Apollo was passionately fond of a youth named
Hyacinth. He.
accompanied him in his sports, carried the nets when he went
fishing, led the dogs when he went to hunt, followed him in his
excursions in the mountains, and neglected for him his lyre and
his arrows. One day they played a game of quoits together, and
Apollo, heaving aloft the discus, with strength mingled with
skill, sent it high and far. Hyacinthus watched it as it flew,
and excited with the sport ran forward to seize it, eager to
make his throw, when the quoit bounded from the earth and struck
him in the forehead. He fainted and fell. The god, as pale as
himself, raised him and tried all his art to stanch the wound
and retain the flitting life, but all in vain; the hurt was past
the power of medicine. As when one has broken the stem of a lily
in the garden it hangs its head and turns its flowers to the
earth, so the head of the dying boy, as if too heavy for his
neck, fell over on his shoulder. "Thou diest, Hyacinth," so
spoke Phoebus, "robbed of thy youth by me. Thine is the
suffering, mine the crime. Would that I could die for thee! But
since that may not be, thou shalt live with me in memory and in
song.

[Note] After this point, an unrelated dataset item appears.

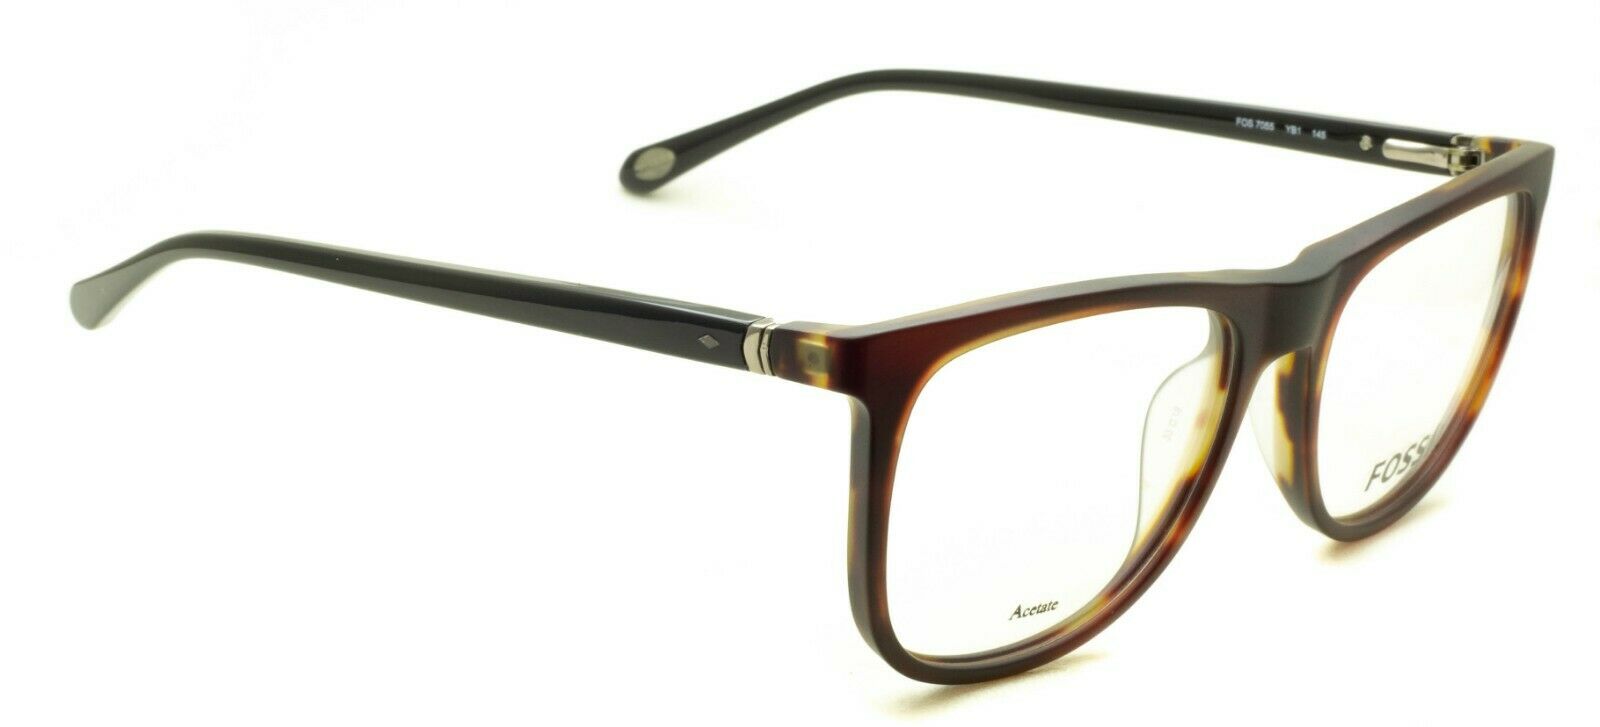 FOSSIL FOS 7055 YB1 53mm Eyewear FRAMES Glasses RX Optical Eyeglasses New BNIB
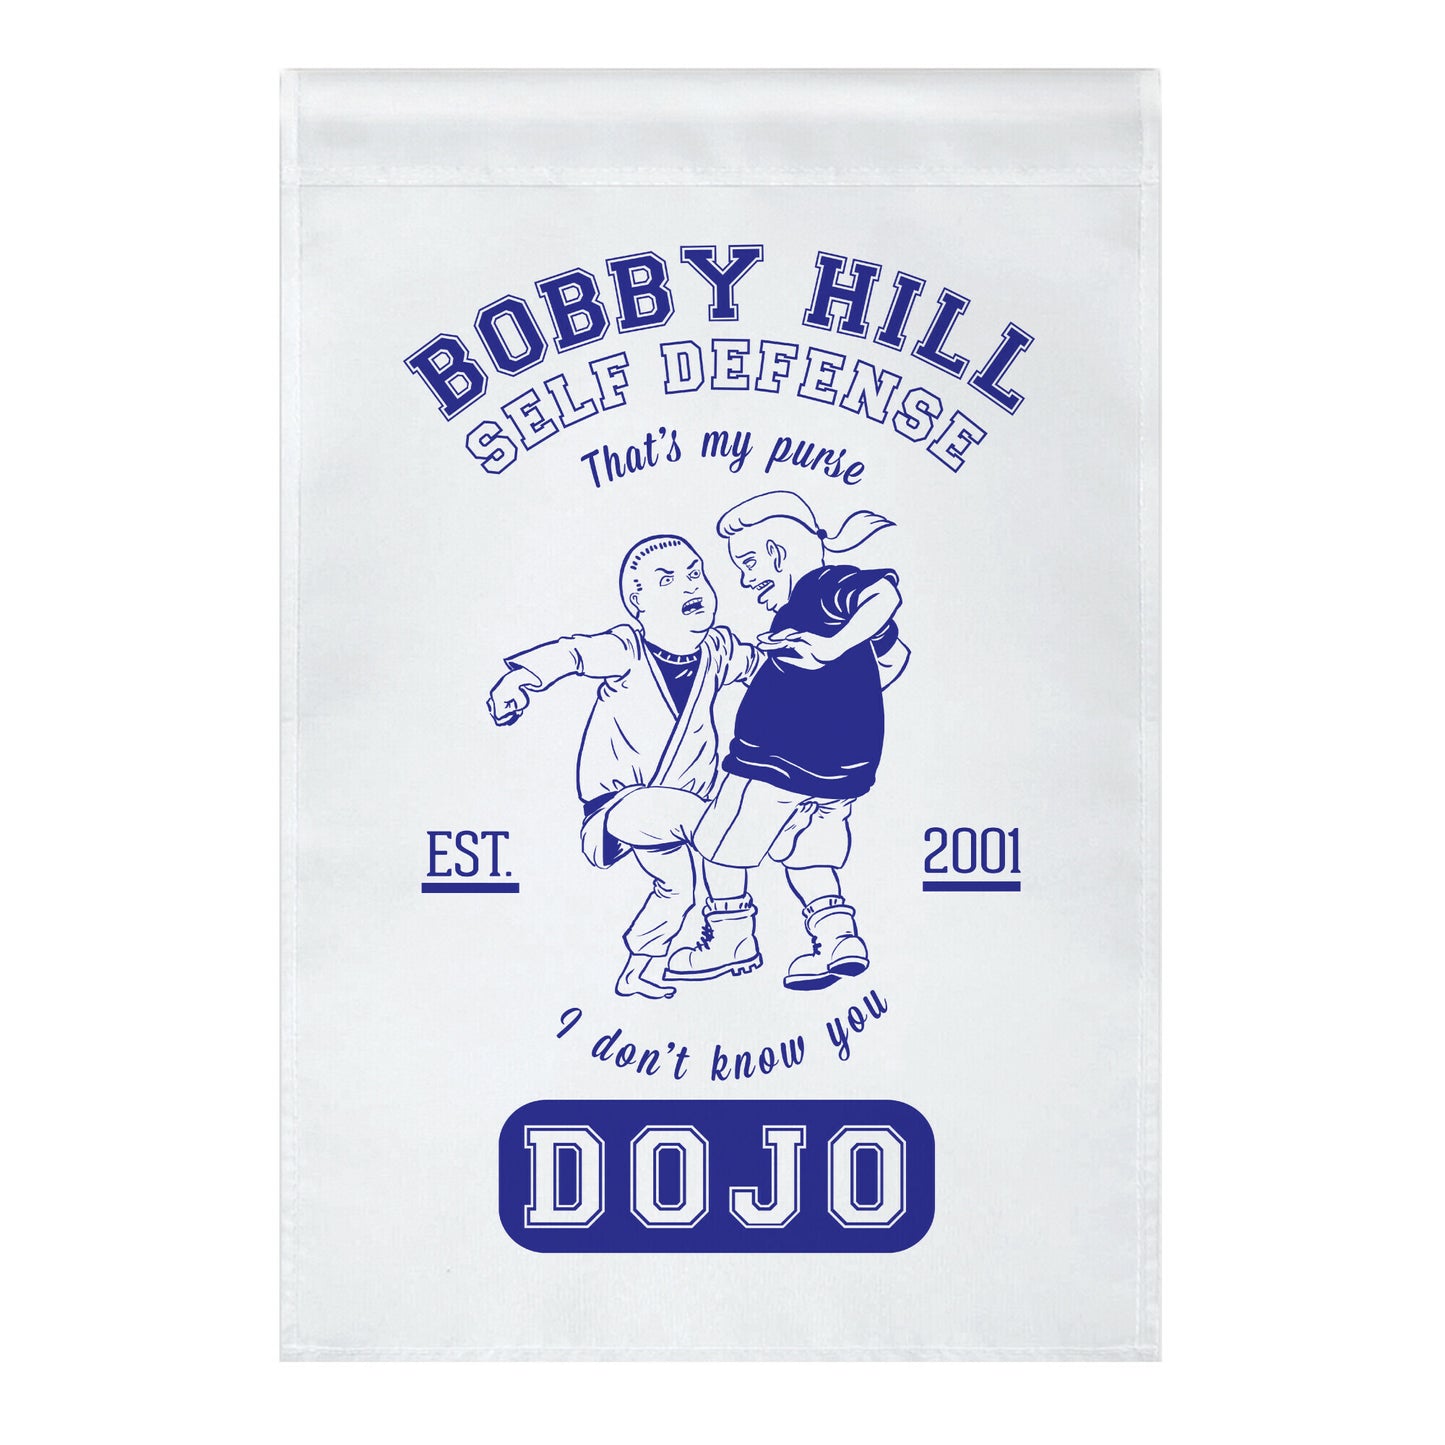 Bobby Hill Self Defense Dojo Garden Flag

My lyre shall celebrate thee, my song shall tell thy fate,
and thou shalt become a flower inscribed with my regrets." While
Apollo spoke, behold the blood which had flowed on the ground
and stained the herbage ceased to be blood; but a flower of hue
more beautiful than the Tyrian sprang up, resembling the lily,
if it were not that this is purple and that silvery white.* And
this was not enough for Phoebus; but to confer still greater
honour, he marked the petals with his sorrow, and inscribed "Ah!
ah!" upon them, as we see to this day. The flower bears the name
of Hyacinthus, and with every returning spring revives the
memory of his fate.
* It is evidently not our modern hyacinth that is here
described. It is perhaps some species of iris, or perhaps of
larkspur or pansy.
It was said that Zephyrus (the West wind), who was also fond
of
Hyacinth and jealous of his preference of Apollo, blew the
quoit out of its course to make it strike Hyacinthus. Keats
alludes to this in his "Endymion," where he describes the
lookers-on at the game of quoits:
"Or they might watch the quoit-pitchers, intent
On either side, pitying the sad death
Of Hyacinthus, when the cruel breath
Of Zephyr slew him; Zephyr penitent,
Who now ere Phoebus mounts the firmament,
Fondles the flower amid the sobbing rain."
An allusion to Hyacinthus will also be recognized in Milton's
"Lycidas":
"Like to that sanguine flower inscribed with woe."